Ultimately, the smoke around the manipulation became too dark and overwhelming and the manipulation could not be kept under wraps. Future developments with this story are surely scaring the hell out of a lot of individuals right now. The potential for criminal charges is clearly unsettling.

Are we to believe that Wall Street has never before been involved in rigging and manipulating markets?

1. We know that Wall Street banks manipulated the auction-rate securities sector to give the appearance of a healthy market when the auctions would have otherwise failed. Anywhere else?

2. Actually if we were to go all the way back to the late 1980s and into the early 1990s, another short term rate utilized to benchmark borrowing activity was also widely believed to have been compromised.
Really? What rate was that? Let me introduce you to the 11th District Cost of Funds (COFI), which

. . . is one of many indices used by mortgage lenders to adjust the interest rate on adjustable rate mortgages. The COFI is computed from the actual interest expenses reported for a given month by the Arizona, California, and Nevada savings institution members of the Federal Home Loan Bank of San Francisco (Bank) that satisfy the Bank’s criteria for inclusion in the COFI (COFI Reporting Members).

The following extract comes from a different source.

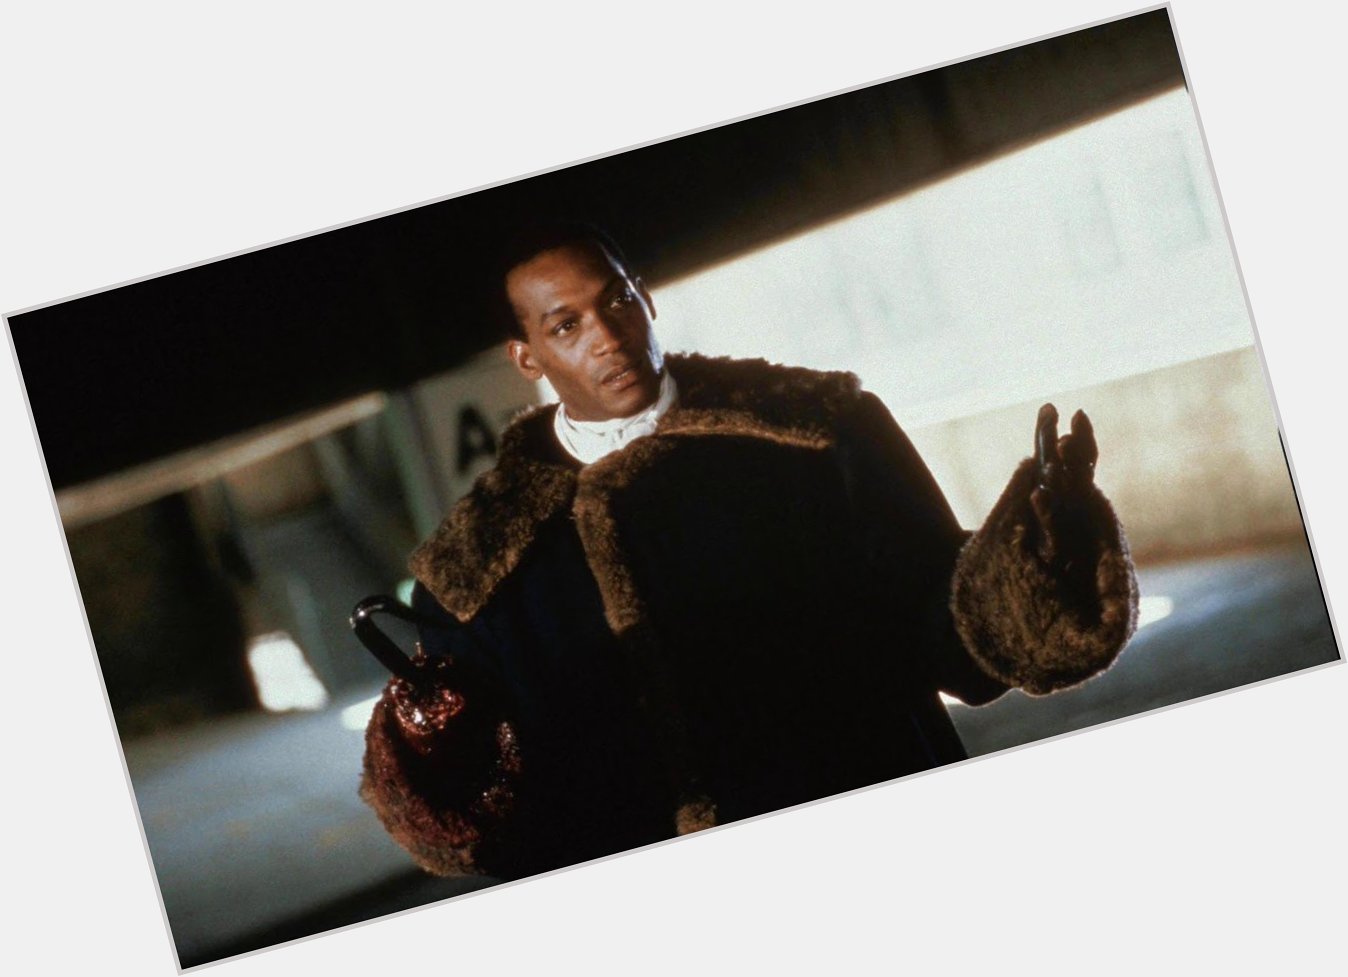 Happy birthday to a king of horror, Tony Todd. Can\t wait for his return in the new Candyman film. 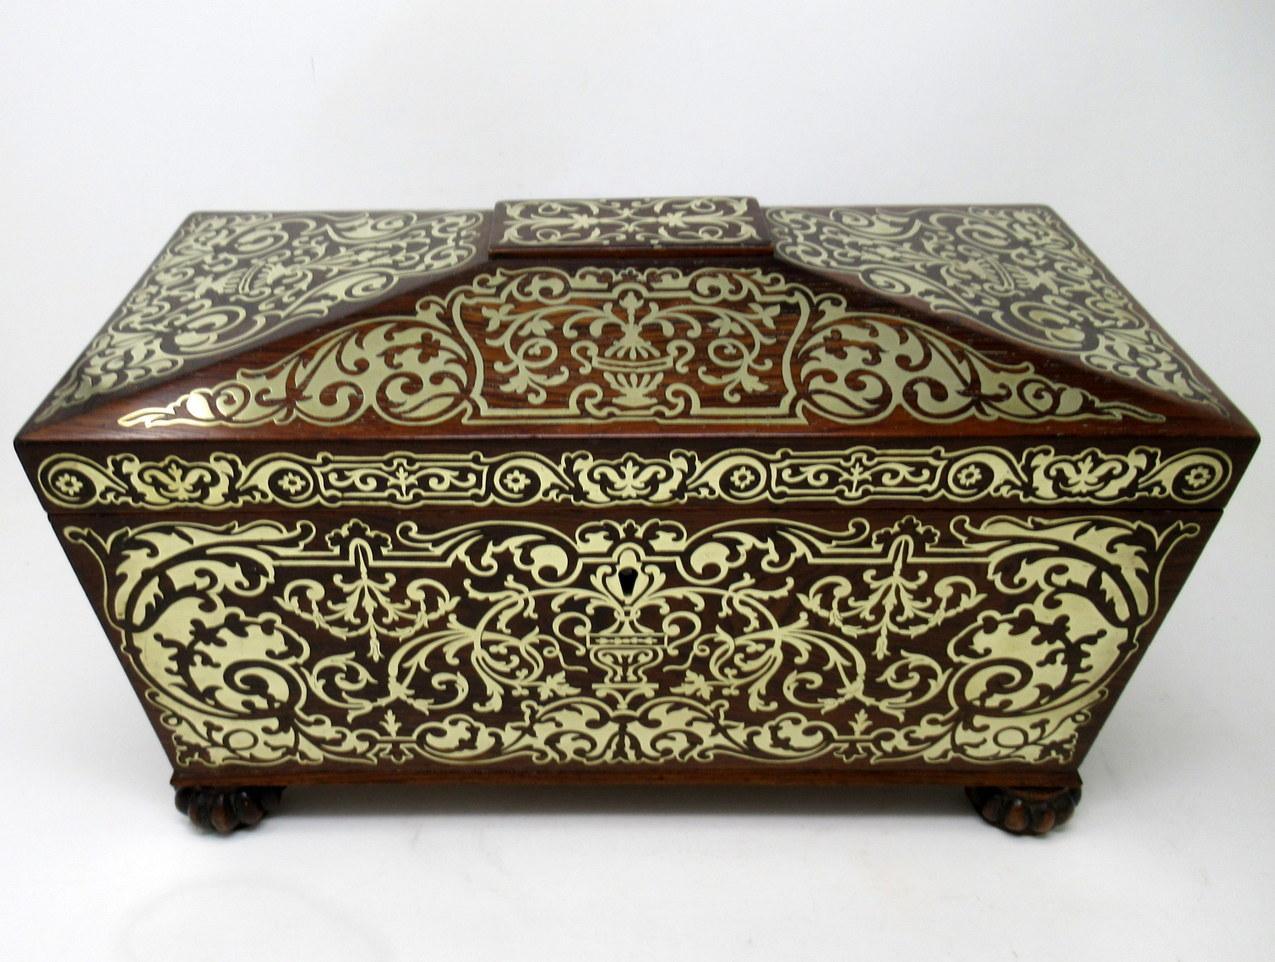 Superb example of an English Regency Mahoganu Double Teacaddy of traditional sarcophagus outline, with lavish brass inlay decoration. The dome shaped hinged lid enclosing a complete original fitted interior, including a hand cut crystal mixing bowl,

In addition to the COFI, the Bank publishes semiannual weighted average cost of funds indices for California and the 11th District.

In speaking with former traders on Wall Street we were reminiscing about the fact that this 11th District COFI index had been intentionally compromised, that is, manipulated. If my memory serves, I also recall that it was so compromised that for a period the market stopped utilizing it as a benchmark. Could the same happen with Libor in the foreseeable future?

How interesting that under Frequently Asked Questions, the Federal Home Loan Bank of San Francisco provides the following disclaimer:

Does the Bank guarantee the accuracy of the cost of funds indices it publishes?
No. Although the Bank makes a good faith effort to be accurate in the calculation and publication of the COFI and other cost of funds indices it publishes, the Bank does not warrant, confirm, or guarantee the accuracy of the data it receives from its COFI Reporting Members, the accuracy of the cost of funds calculations, or the accuracy of the cost of funds indices as published.

The Bank does not examine the books and records of its COFI Reporting Members for this purpose, and the Bank expressly disclaims all liability that may arise from any use of the COFI or other index or the use of inaccurate data received from its COFI Reporting Members in calculating the COFI and semiannual cost of funds indices. In addition, the Bank expressly disclaims any liability to any person for any inaccuracy in any cost of funds index, regardless of the cause, or for any resulting damages. In general, the Bank will not revise or republish any COFI or any semiannual cost of funds index for any reason after the publication date.

Garbage in….garbage out… sounds a lot like the practices used in the carting business.

Twenty years from now, will another massive rigging scandal ensue? Unless there are very real changes within our financial regulatory framework, I would count on it.